The only bird I could think of was the merlin, and I was delighted when Peter W confirmed it from my description. A friend of mine told me he had seen one on the Old Head some years ago

Merlins are scarce in Ireland, ranging over remote uplands and rarely encountered even where they do occur. Their tiny size and extreme speed are their defining characteristics: George’s comparison to the swift is apt. Agile hunters, they skim low over the ground at great speed and twist and turn after their prey of large insects, small mammals and birds.

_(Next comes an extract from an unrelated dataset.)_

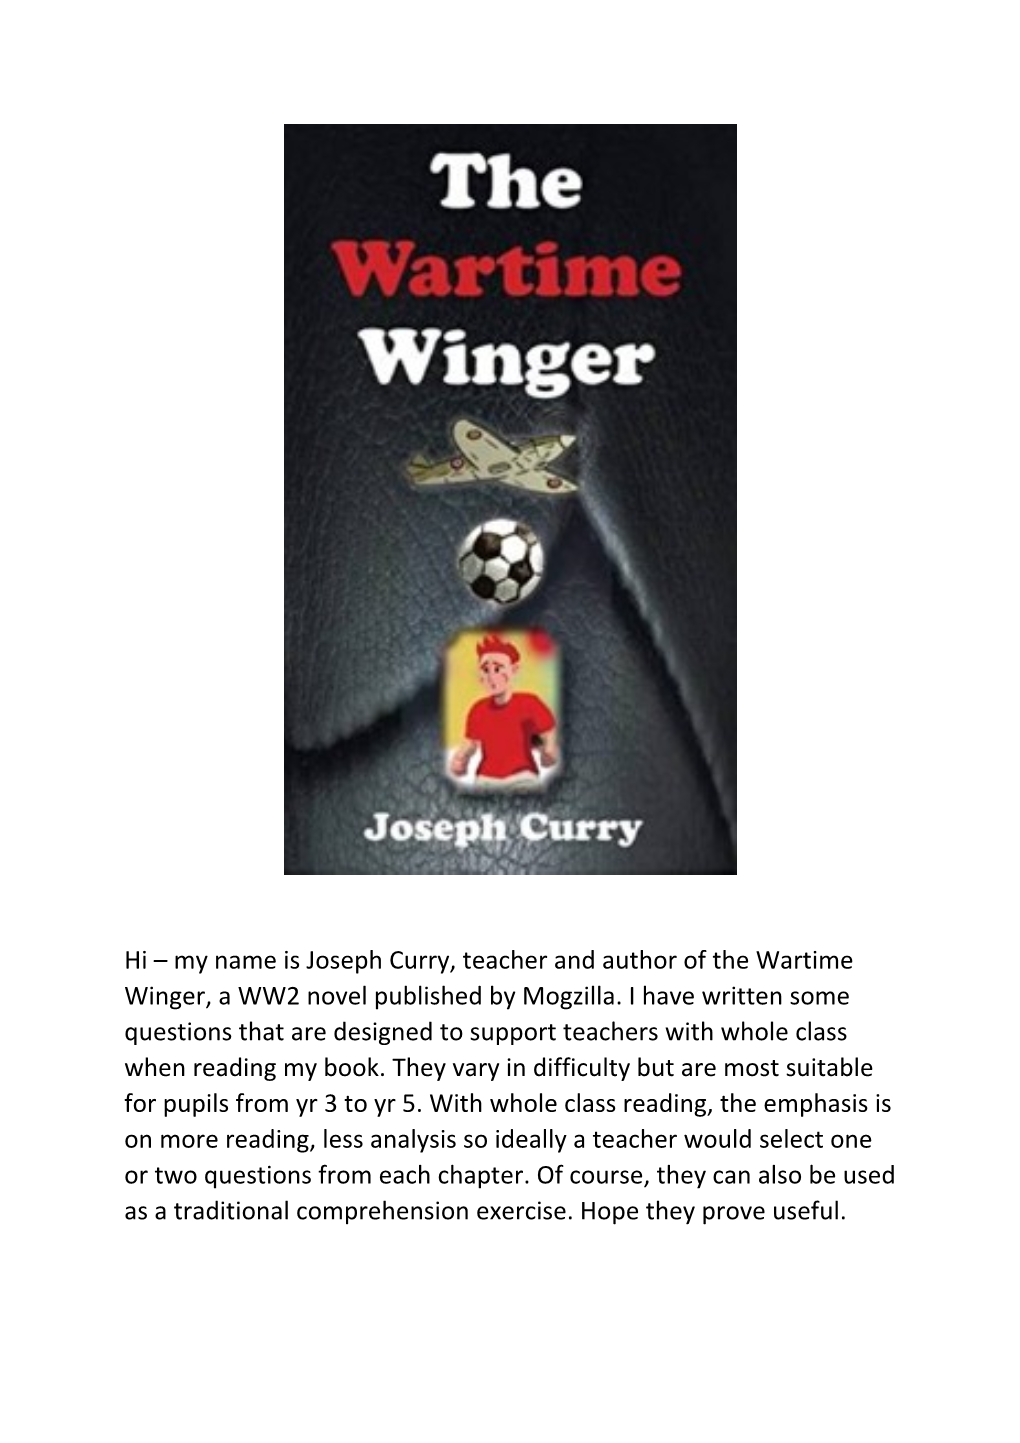 Hi My Name Is Joseph Curry, Teacher and Author of the Wartime Winger, a WW2 Novel Published
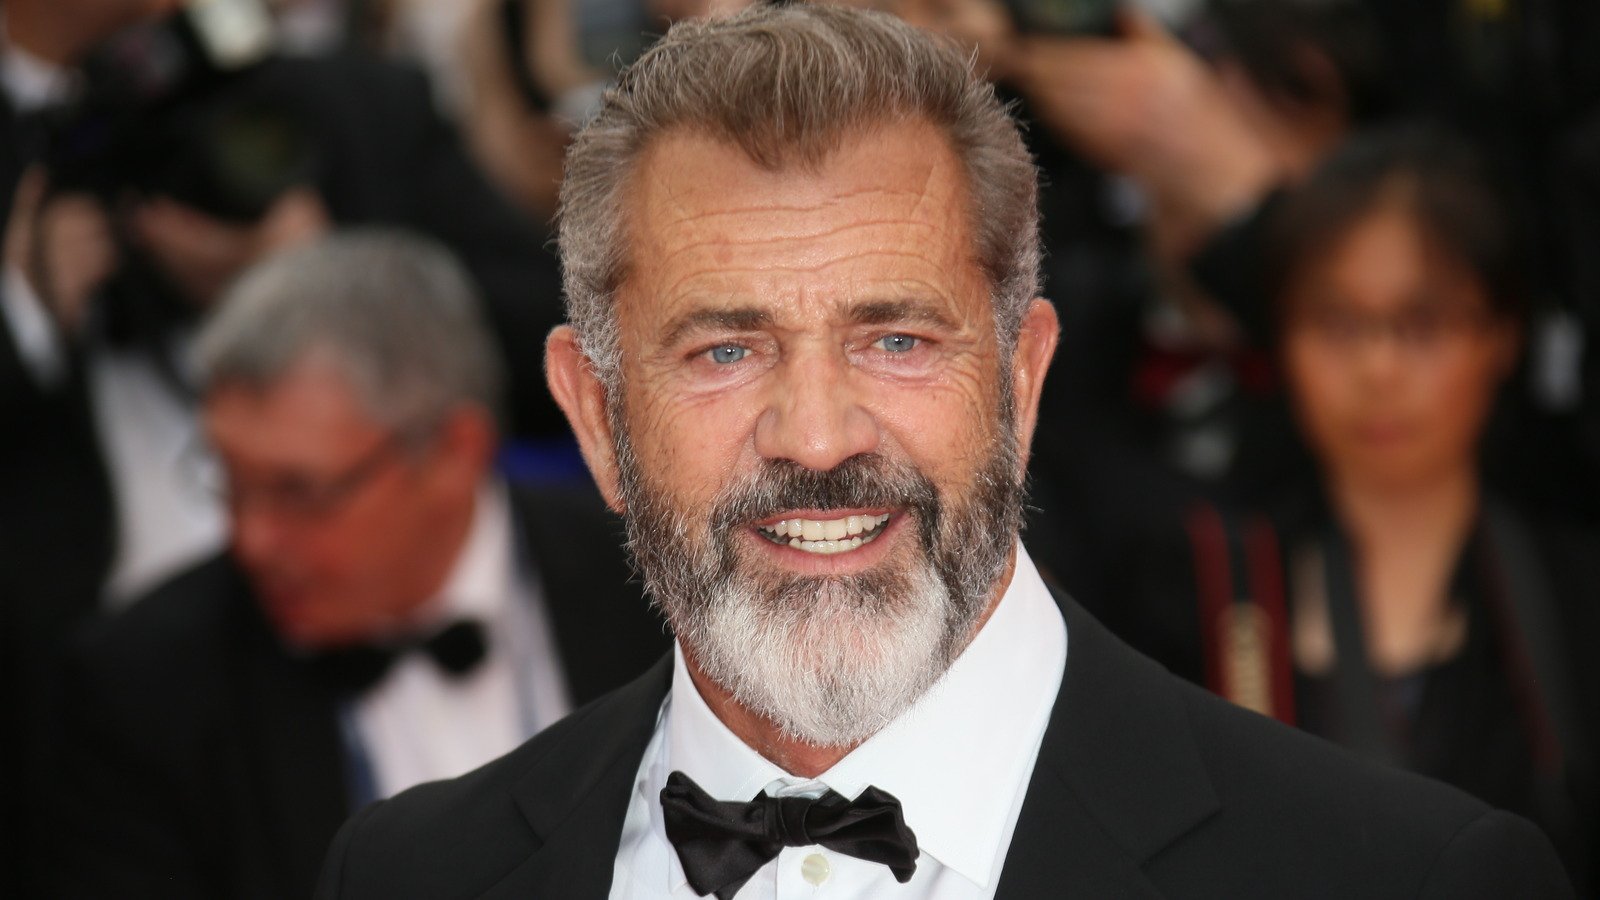 Scandalous details about Mel Gibson's personal life

Many of our Irish raptor species are now rare or gone. When I was a boy, barn owls were common. One used to fly across the yard light behind our house in Emmet Square in Clonakilty at night: my father said it was catching moths, and he’d leave the light on,despite the economies he generally practiced, so as to give it a few nighttime hours of hunting. It nested in one of the old stables in the yard. There were mice galore, because the previous owner of the house had kept horses and oats that went astray.

I remember that when we lived in Ballinrobe, Co Mayo, in the mid-1950s, my father would bring home dazed or damaged barn owls which he had found on the road home from the golf club, especially on summer nights when they were hunting moths over the road surface and blinded by headlights and then hit.

There were few cars at the time, and perhaps sometimes it was his own car that hit them.

We would keep them in a large dry room on the upper floor of an old stable block behind the house and I’m afraid that, at least once, my little brother and I trapped unfortunate mice in a cage trap and let them loose in the room to feed a kestrel my father had found with a damaged wing.

Probably half-starved, it swooped first on one mouse, and then another. They had no escape route. We were delighted, of course, but half-sorry to see the kestrel recover after a couple of days and my father leaving the window open so that it could fly away.

The owls, as far as I remember, all recovered too and were let go free, but I remember one that disappeared from the room as if by magic. The door and the windows were still closed when I went up there to look at it the morning after my father brought it home, but that evening, when I went to look again, it was gone.

I called my father, and he solved the mystery or, at least, suggested an answer. The unused fireplace and the chimney above it were, of course, open.

It had probably found its way to freedom via the flue my father said that, what with the soot on its white feathers, its friends wouldn’t know him when they met him!